Fang Simple Crawler, Indexer and Search Engine Web Application.
Java and Spring Boot has been used for implemet this project. MVC is architecture of the project
We get a large file with the name WEBIRthat includes data from university of Tehran, Tebyan, etc.
First, we parse this file with Sax-Parser (https://www.tutorialspoint.com/java_xml/java_sax_parser.htm) and jsoup (https://github.com/jhy/jsoup). These files exist in the parse directory. The output file is textdocs022.txt.
Then we parse this file and gathering words and create an index table. In this table, we store words and properties. Properties contain URL, docID, count, title and TFIDF(for more information: Medium.com). you can see all properties in properties.java.
To save time we save the index table in hashlist.txt and the size is 329 MB!
When the user search, the spellChecker.java file suggest the correct word before searching in the index table. work with Bi Gram(for more information: GeeksforGeeks.
SearchEngine.java in the controller directory is used for mapping addresses to proper function.
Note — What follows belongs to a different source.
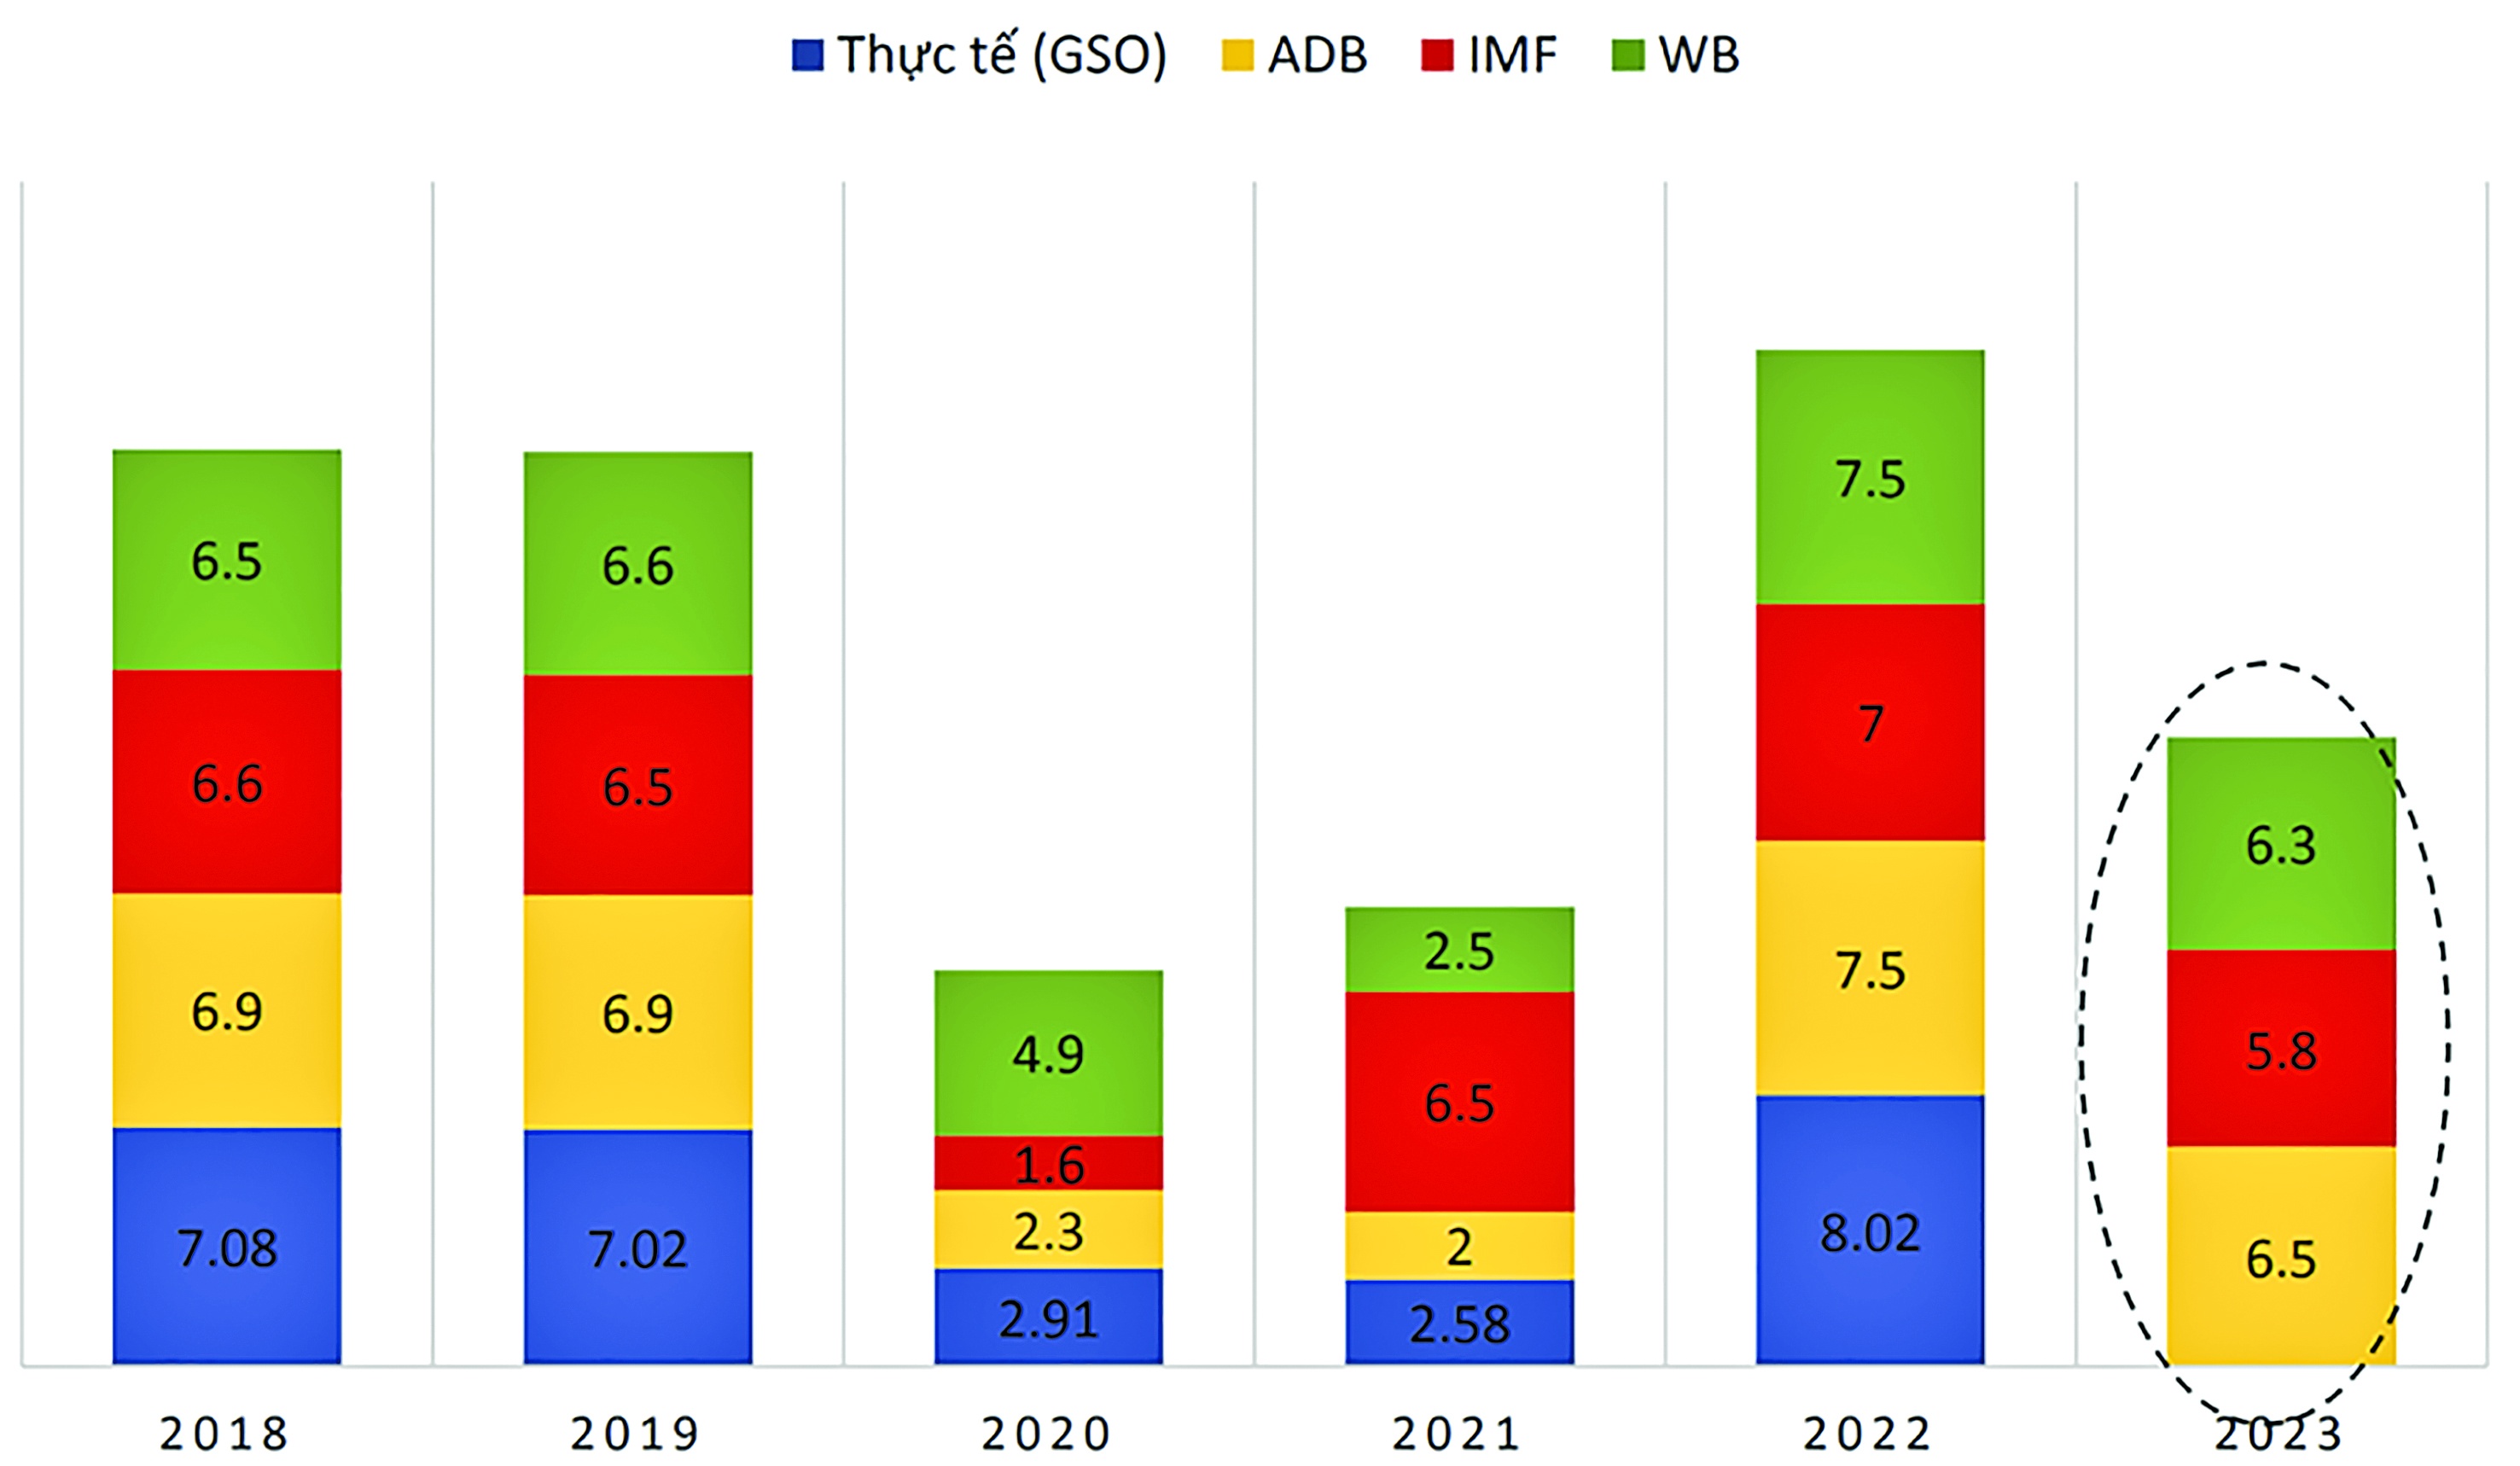 Tốc độ tăng trưởng GDP dự báo/thực tế của Việt Nam theo ADB, IMF, WB  (Nguồn: Tổng hợp của nhóm nghiên cứu)

For example localhost/search to searchProcess function.
Main.java file first Load index Table and dictionary(for Spell Checker) and get a query from the user then call search process function and finally prepare result in sort and paging an HTML page.
Various properties can be specified inside your application.properties file. we set port = 8000, you can reset it.
run SearchEngineApllication.java. if you run first time, wait for 15 to 25 min, then localhost:8000/home and enjoy it :)